J'ai finalement rappelé Marcos pour aller prendre un café... au Salon du livre. J'avais l'idée d'en faire le tour avec lui et de lui dire à la fin: vous croyez vraiment qu'il y a urgence d'ajouter une merde de plus?

Je suis allé l'attendre au métro Place-d'Armes, un tout petit monsieur avec une casquette, les doigts de la main droite coupés à ras la première jointure. J'ai compris qu'il ne tenait pas tant que cela à aller au Salon. On est plutôt allés prendre un café rue Notre-Dame. Cela faisait bien mon affaire.

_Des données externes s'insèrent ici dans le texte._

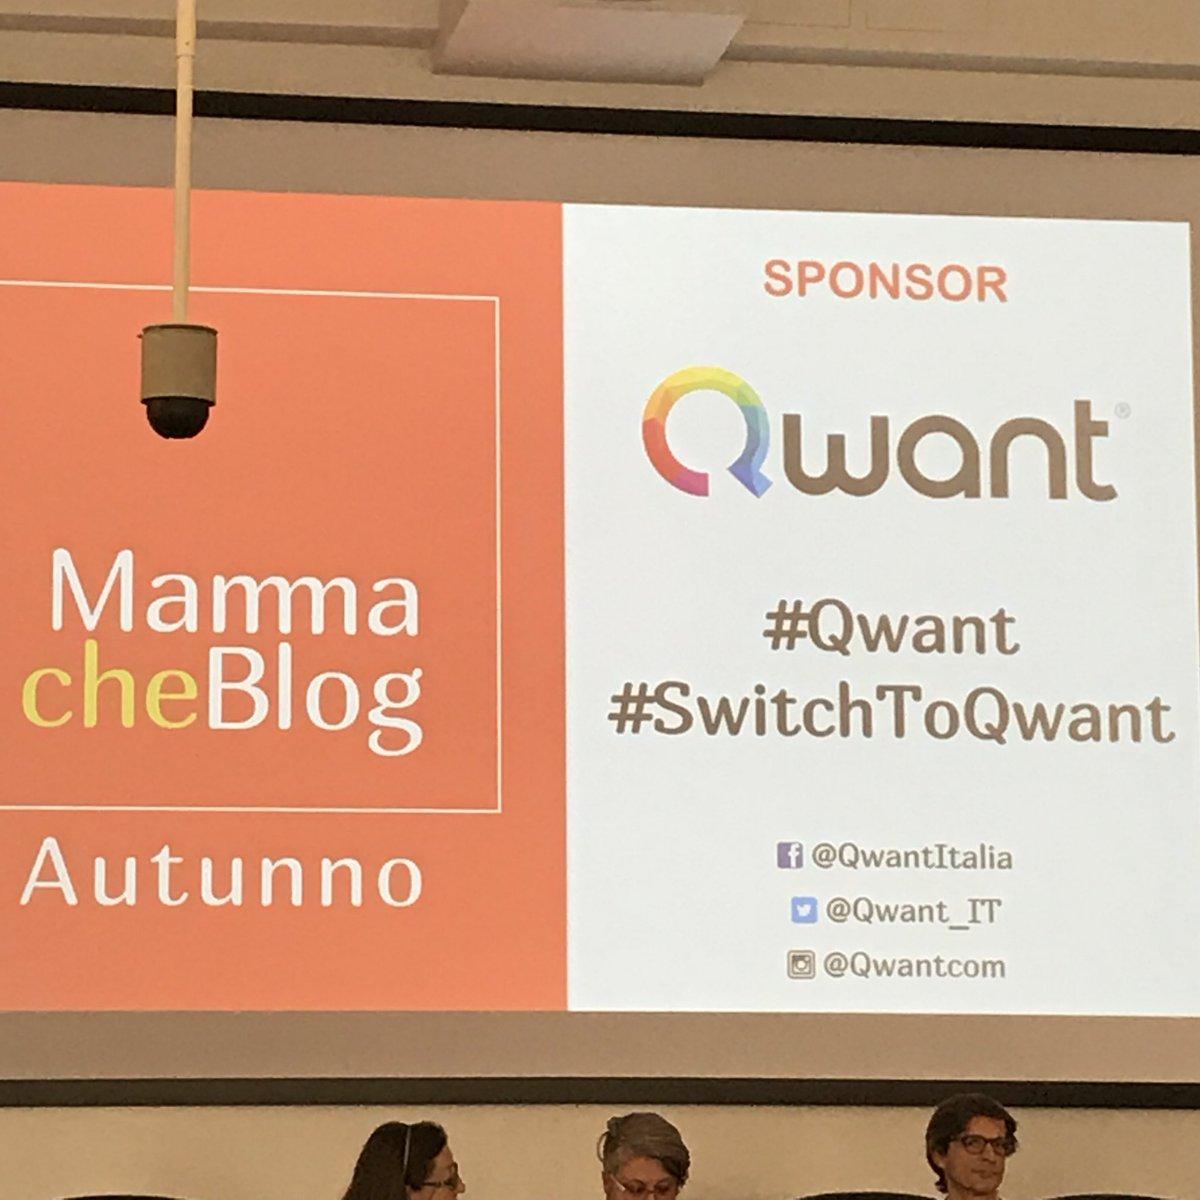 #qwant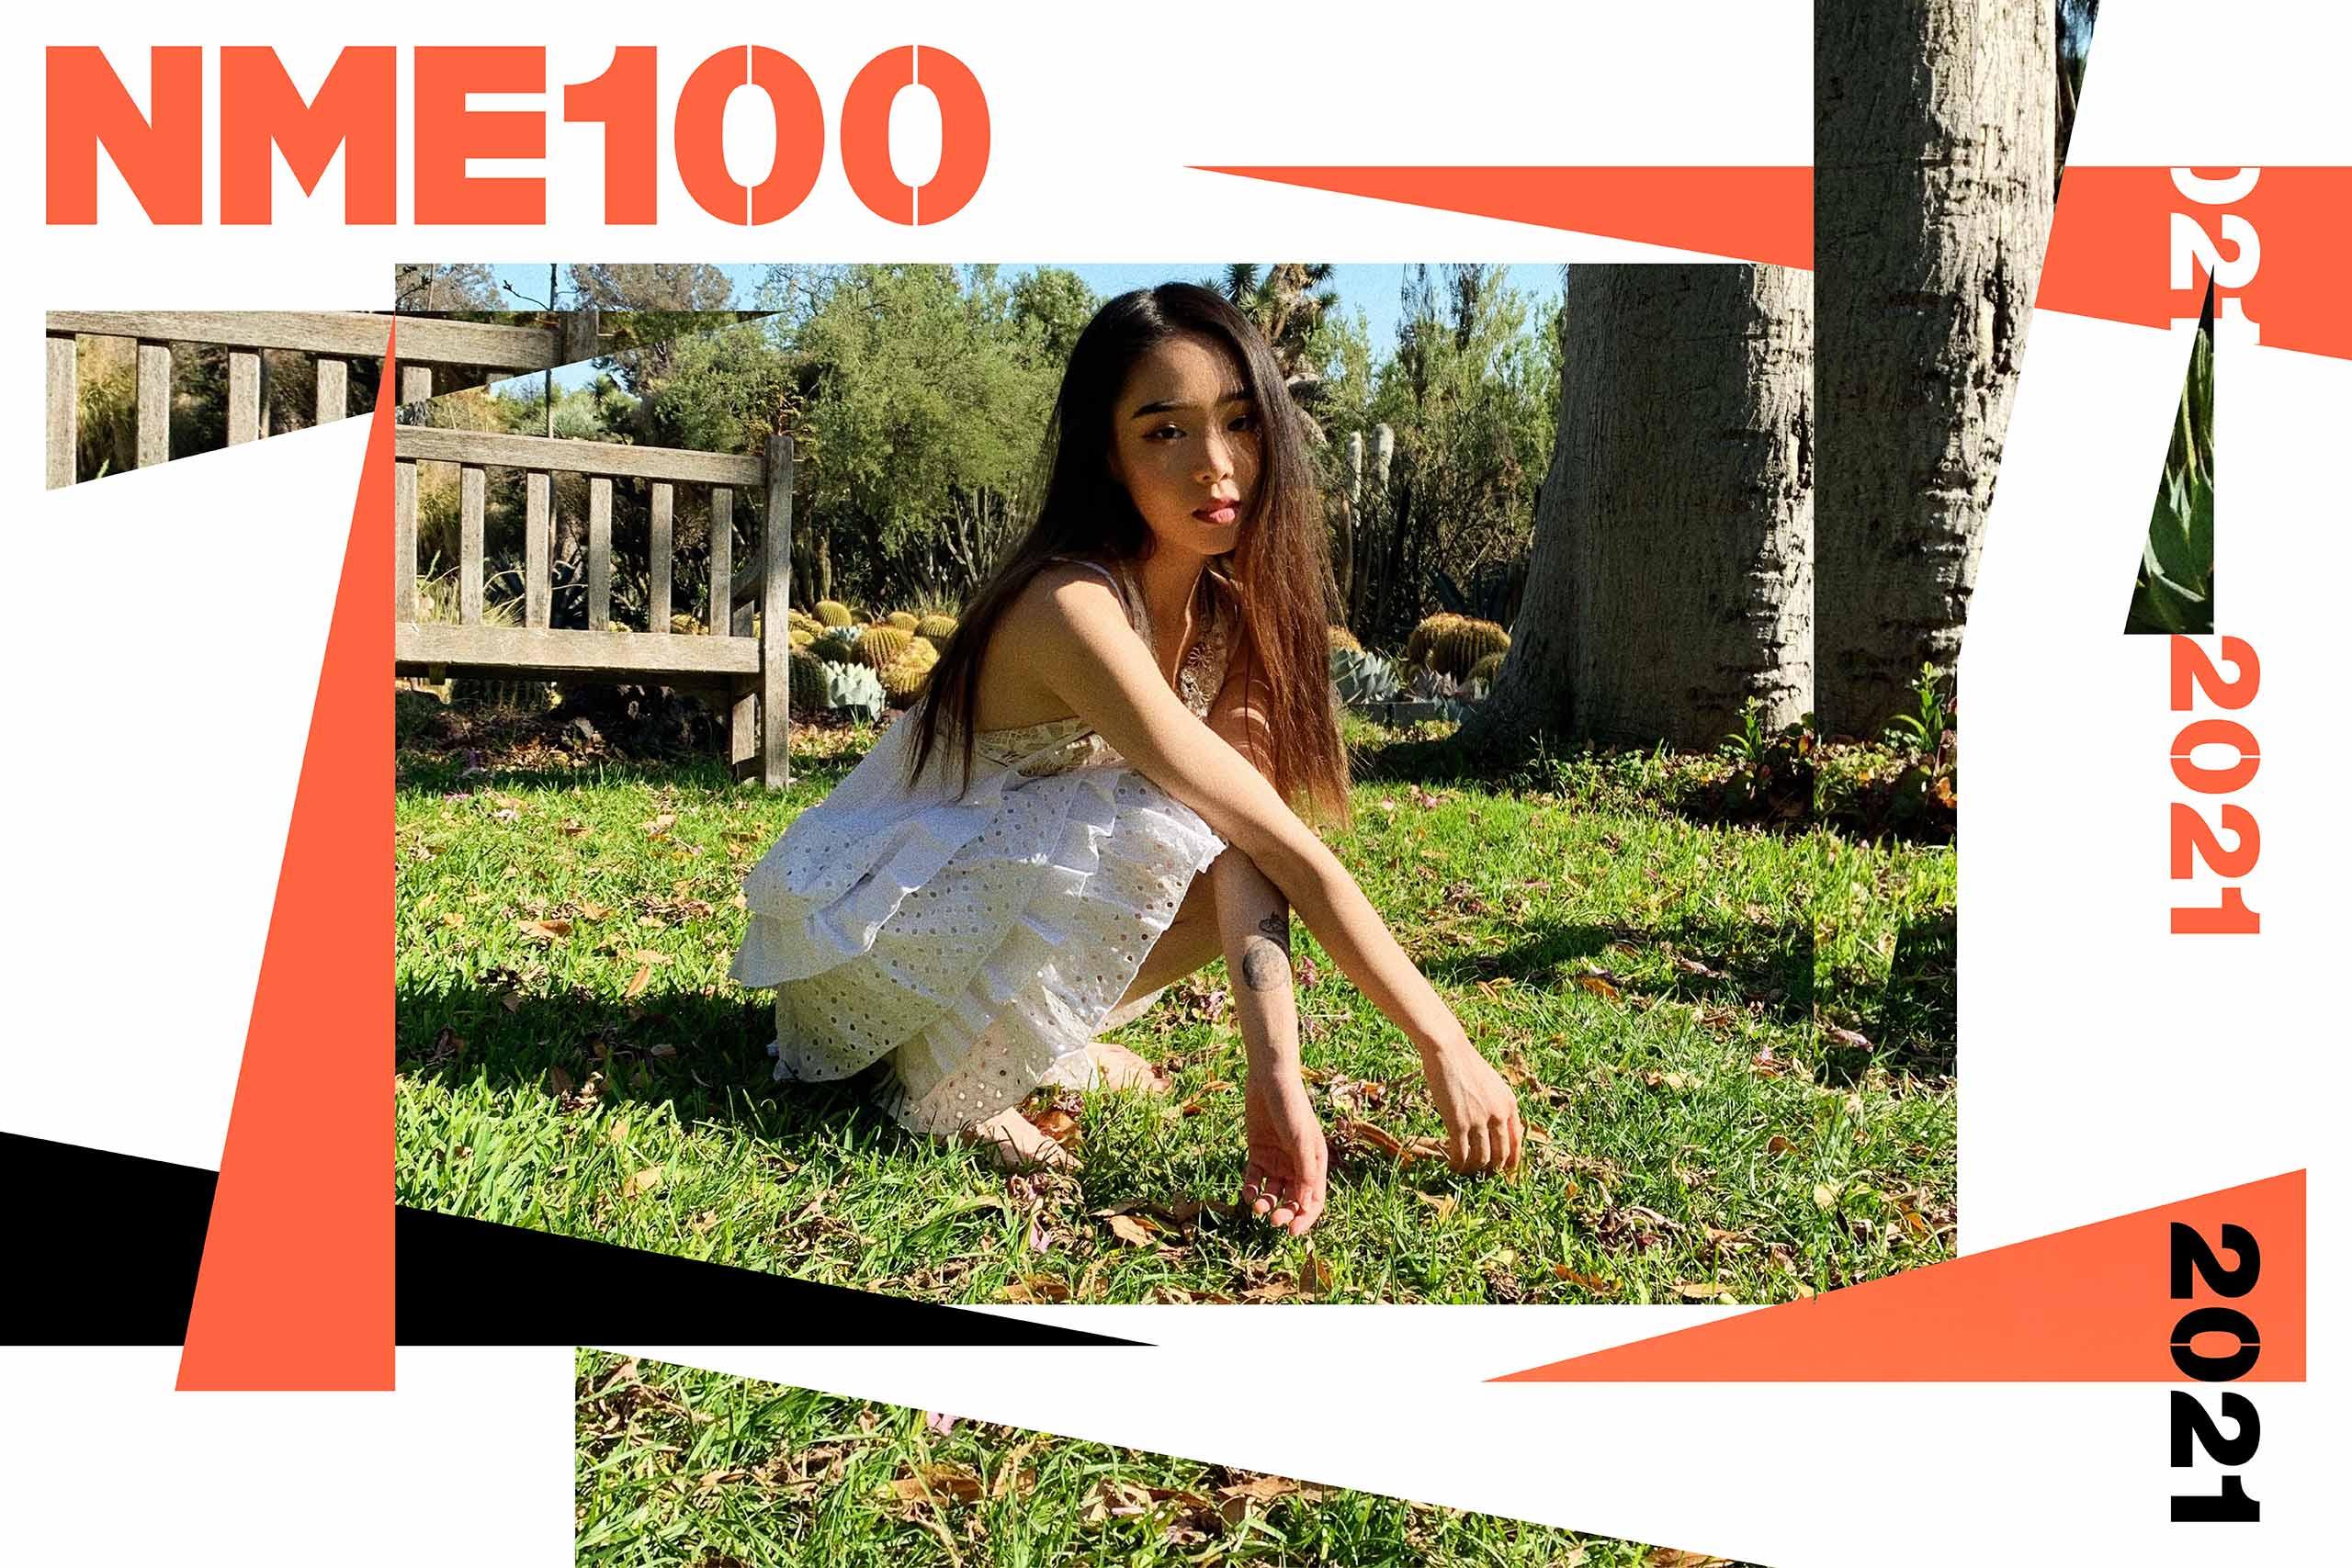 NME 100 demie cao

Ma mère, a-t-il commencé, ma mère s'appelait Mariana Seya, elle venait d'Argentine.

Trois heures plus tard, j'étais prêt à l'écouter trois heures encore. Vous êtes le roman que vous n'avez pas écrit, Marcos. Si j'avais l'ombre de la queue du talent qu'il faut pour écrire - je veux dire écrire -, c'est moi qui l'écrirais.